Jane Fonda calls the time after sixty “the third act.” This is the most important thing in the theater, where everything converges and makes sense. However, a friend who knows the theater refutes this. “Bullshit,” she says. Much more important than the third act of vicissitudes, a turning point, an unexpected twist of fate. – And you already had it.
It’s right. However, I can’t shake the feeling that there is still more to come. I don’t know what either. But if something really still lies unlived, unrealized, untested in me: now is the moment. Now or never. There is an urgency at sixty that I didn’t feel when I was fifty. Sixty is an adventure.
Jane Fonda has reinvented herself as a radical environmental activist since her sixtieth birthday, having been arrested countless times. For me, it shouldn’t be so exciting. And it has nothing to do with performance. I am open to everything. Maybe it doesn’t do anything. Or sleep. I definitely have untapped potential!
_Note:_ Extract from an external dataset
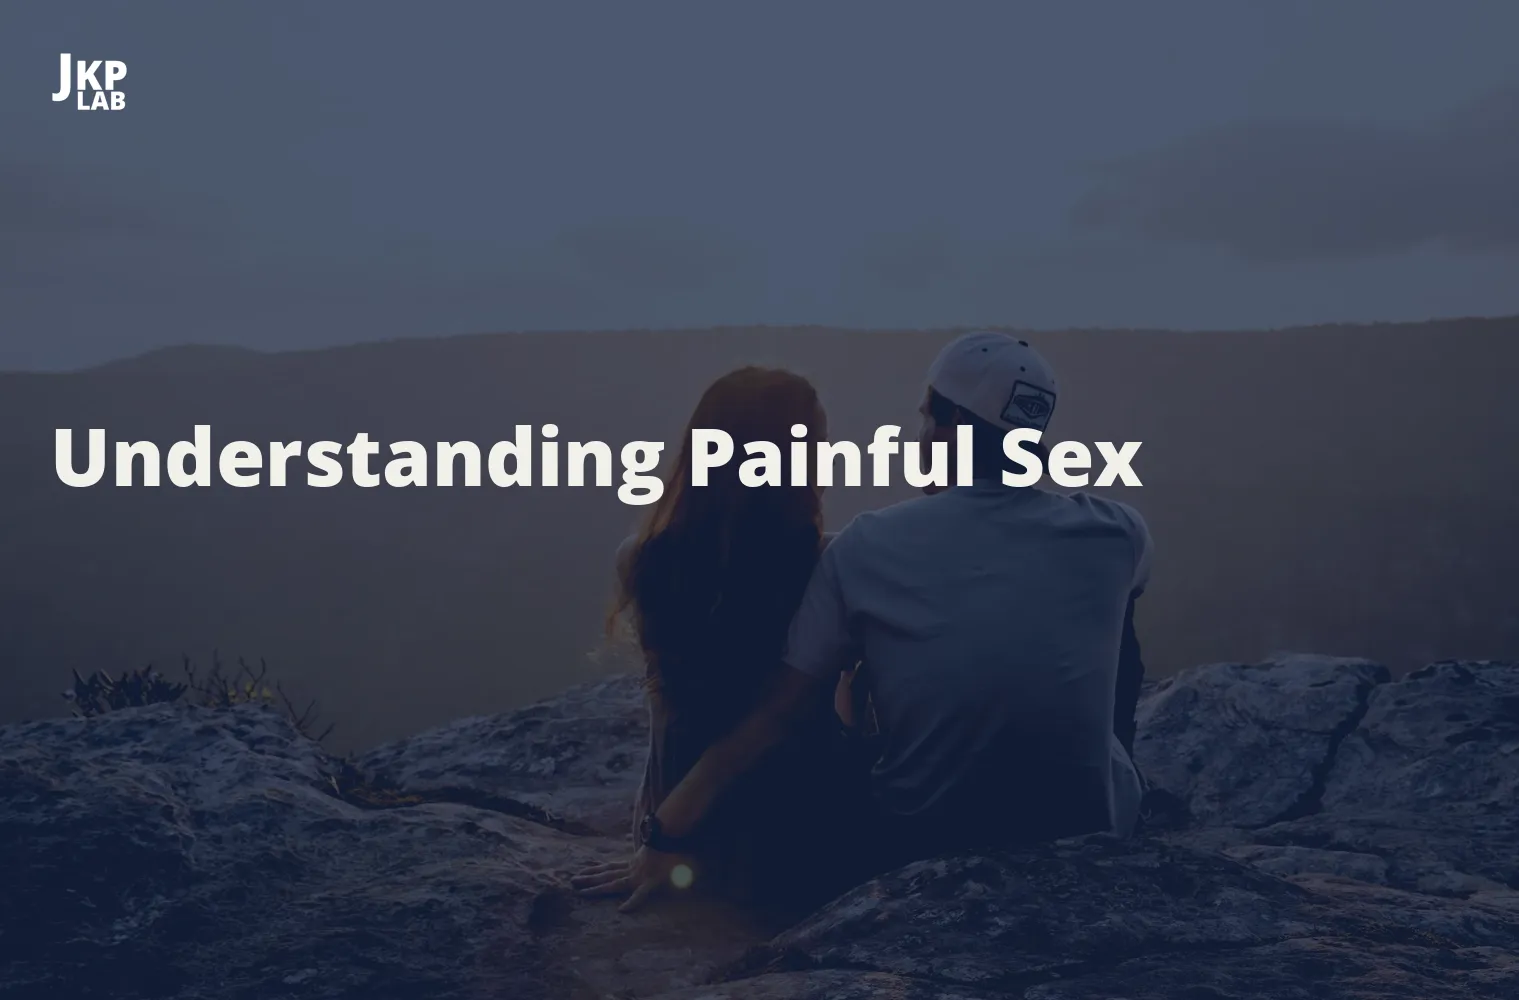 Endometriosis and Painful Sex

My 91-year-old friend Connie just smiles indulgently at my ideas. “Oh, sixty is too early!” For her, the last five years are the most important in her life. This surprises me, because I know that she suffers from severe pain, which is increasingly limiting her.
“That’s why,” she explains. “I can’t do anything, I can’t avoid myself, I’m fixated on myself. I mentally wander through my life, through my memories, sort them, find out the reasons and connections. I forgive myself a lot.”
She thinks for a moment. “It’s a time of hope. I want to understand the time I had before it’s over.” She then chuckles, “Everyone tells me I have to clean my house before I die. Instead, I declutter my soul.”
Source: Blick

I am David Miller, a highly experienced news reporter and author for 24 Instant News. I specialize in opinion pieces and have written extensively on current events, politics, social issues, and more. My writing has been featured in major publications such as The New York Times, The Guardian, and BBC News. I strive to be fair-minded while also producing thought-provoking content that encourages readers to engage with the topics I discuss.